EI filósofo produce ideas, el poeta poemas, el cura sermones, el profesor compendios, etc. EI delincuente produce delitos. Fijémonos un poco más de cerca en la conexión que existe entre esta última rama de producción y el conjunto de la sociedad y ello nos ayudará a sobreponernos a muchos prejuicios. El delincuente no produce solamente delitos: produce: además, el derecho penal y, con ello, al mismo tiempo, al profesor encargado de sustentar cursos sobre esta materia y, además, el inevitable compendio en que este mismo profesor lanza al mercado sus lecciones como una "mercancía". Lo cual contribuye a incrementar la riqueza nacional, aparte de la fruición privada que, según nos hace ver, un testigo competente, el señor profesor Roscher, el manuscrito del compendio produce a su propio autor.

EI delincuente produce, asimismo, toda la policía y la administración de justicia penal: esbirros, jueces, verdugos, jurados, etc., y, a su vez, todas estas diferentes ramas de industria que representan otras tantas categorías de la división social del trabajo; desarrollan diferentes capacidades del espíritu humano, crean nuevas necesidades y nuevos modos de satisfacerlas. Solamente la tortura ha dado pie a los más ingeniosos inventos mecánicos y ocupa, en la producción de sus instrumentos, a gran número de honrados artesanos.

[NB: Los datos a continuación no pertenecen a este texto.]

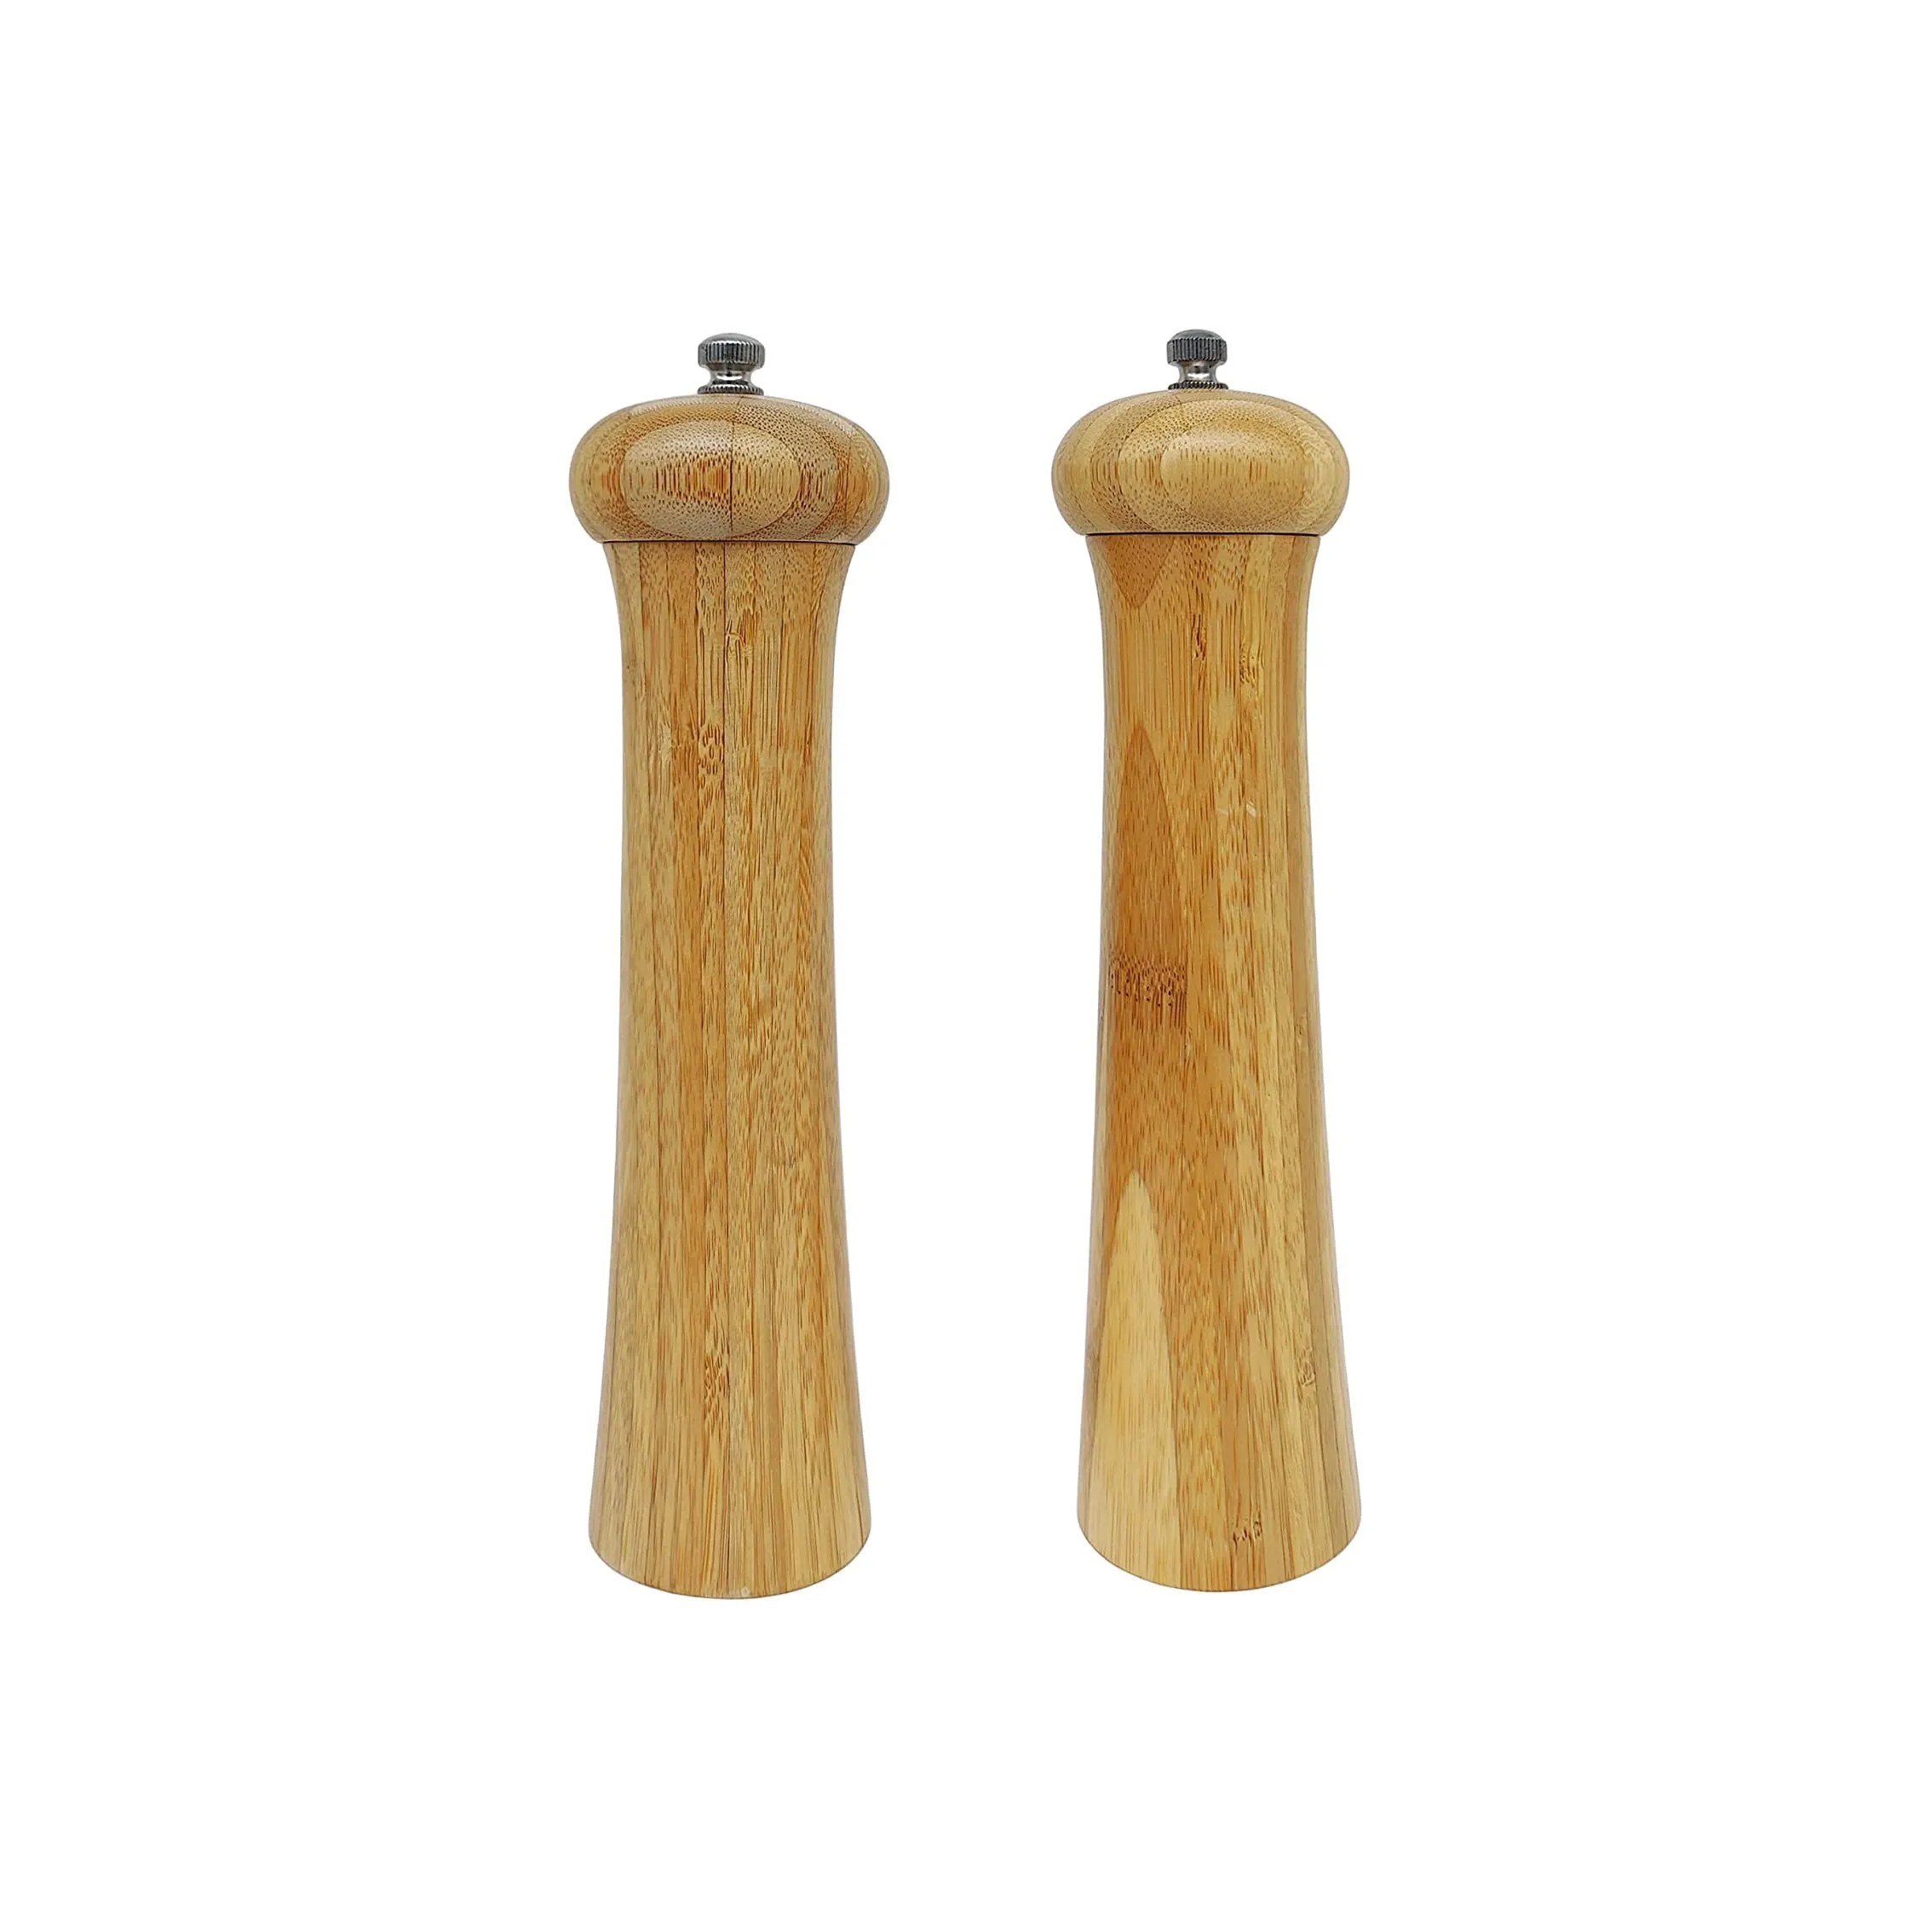 Promotion 100% Nature Organic Bamboo Pepper Mill Salt And Pepper Grinders

Para terminar, digamos que esta narración de Walter Lezcano no plantea así directamente estas cuestiones ya que no es un estudio sociológico. Es simplemente literatura, que se encarga de poner frente a nuestros ojos la vida cotidiana, y las preguntas que necesariamente tenemos que hacernos cuando nos damos cuenta de que fuimos víctimas, una vez más, de un sistema que nos induce todo el tiempo a comprar, ya sea una tele que nos dirá que vivimos inseguros, como una reja que nos hará creer, por un efímero instante, que hemos conjurado el peligro.